En el año 1852 San Juan Bosco se encontró en la calle con un grupo de jovencitos que le pedían les regalara alguna medalla. A cada uno le obsequió su medalla, menos a uno pálido y delgaducho, de noble mirada, al cual el santo haciendo como que partía su brazo izquierdo con la mano del derecho le dijo: «A ti sólo te doy esto». El jovencito no entendió qué significado podría tener esa acción, pero 30 años más tarde, le preguntará a Don Bosco: «¿Qué me quiso decir en mi niñez cuando me ofreció regalarme la mitad de su brazo?», y el santo le responderá: «Te quise decir que los dos obraríamos siempre ayudándonos el uno al otro y que tú serías mi mejor colaborador». Y así fue en verdad.

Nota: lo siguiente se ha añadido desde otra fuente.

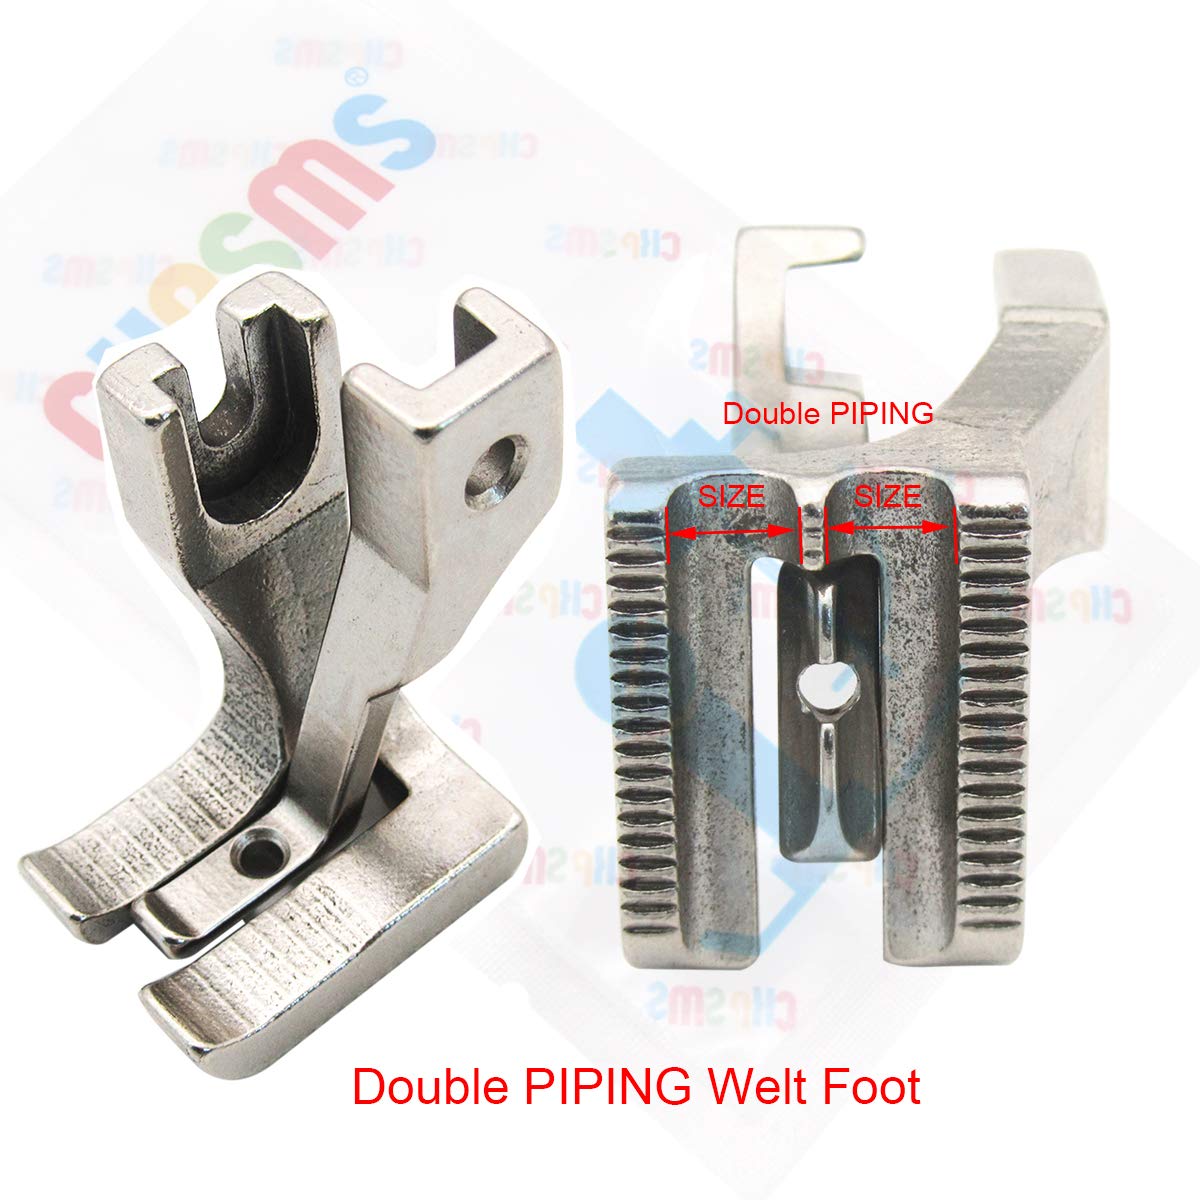 CKPSMS Brand -#KP-19074-7 7SET Double Piping & Welting Zipper Feet Compatible with JUKI DU-141 DU-1181 CONSEW 205RB+

Miguel Rúa nació en Turín (Italia) de una modesta familia. Hizo sus estudios de primaria con los Hermanos Cristianos que lo apreciaron mucho porque era sin duda el alumno de mejor conducta que tenían en su escuela.

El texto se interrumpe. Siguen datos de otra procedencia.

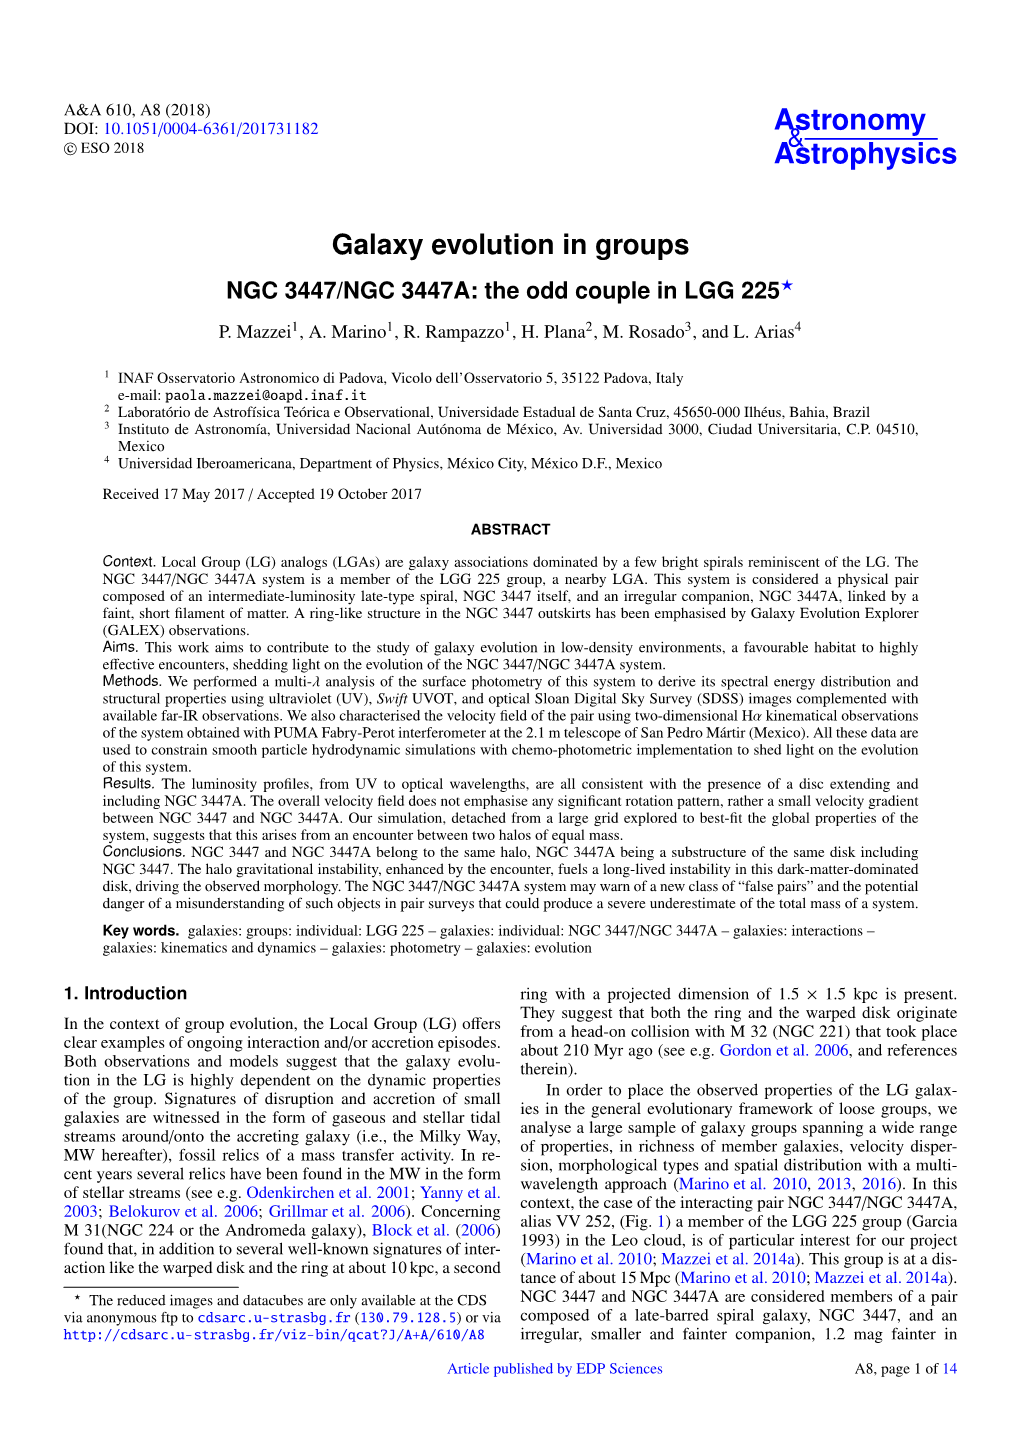 Galaxy Evolution in Groups NGC 3447/NGC 3447A: the Odd Couple in LGG 225?

Y resultó que al Instituto de los Hermanos iba San Juan Bosco a confesar y los alumnos se encariñaron de tal manera con este amable santo que ya no aceptaban confesarse con ningún sacerdote que no fuera él. Y Rúa fue uno de los que se dejaron ganar totalmente por la impresionante simpatía y santidad del gran apóstol.
Al quedar huérfano de padre, empezó a frecuentar el Oratorio de Don Bosco, donde los muchachos pobres de la ciudad iban a pasar alegre y santamente los días festivos. Allí oyó un día que el santo le preguntaba: «Miguelín: ¿nunca has deseado ser sacerdote?». Al jovencito le brillaron los ojos de emoción y le respondió: «Si, lo he deseado mucho, pero no tengo cómo hacer los estudios».
Más tarde Don Bosco lo envió a que recibiera clases de un excelente profesor de la ciudad, y cuando le pidió informes acerca de su alumno, el profesor respondió: «Es el mejor de la clase en todo: en aplicación, en conducta y en buenos modales».
Rúa fue el primer alumno de Don Bosco que ordenado de sacerdote se quedó a colaborarle en su obra. Fue también el primer director de colegio salesiano y el hombre de confianza que acompañó durante 37 años al gran apóstol en todas sus empresas apostólicas. En él depositaba San Juan Bosco toda su confianza y era en todo como su mano derecha.
Cuando el Padre Rúa fue nombrado para ser director del primer colegio salesiano que se fundaba fuera de Turín, le pidió a su maestro Don Bosco que le trazara un plan de comportamiento, y el santo le escribió lo siguiente: «Ante todo trate de hacerse querer, más que de hacerse temer. Recuerde lo que decía San Vicente de Paúl: ‘Yo tenía un carácter demasiado serio y un temperamento amargo, y me di cuenta de que, si no hay amabilidad, se hace más mal que bien en el apostolado. Y me propuse adquirir un modo de ser amable y bondadoso’. Este sea su plan de comportamiento». Miguel Rúa conservó toda su vida estos consejos y llegó a practicarlos de manera admirable.
Y el 6 de abril de 1910, después de exclamar: «Salvar el alma, eso es lo más importante», expiró santamente. Había dedicado su existencia totalmente a tratar de hacer amar más a Dios y a colaborar en la salvación de las almas.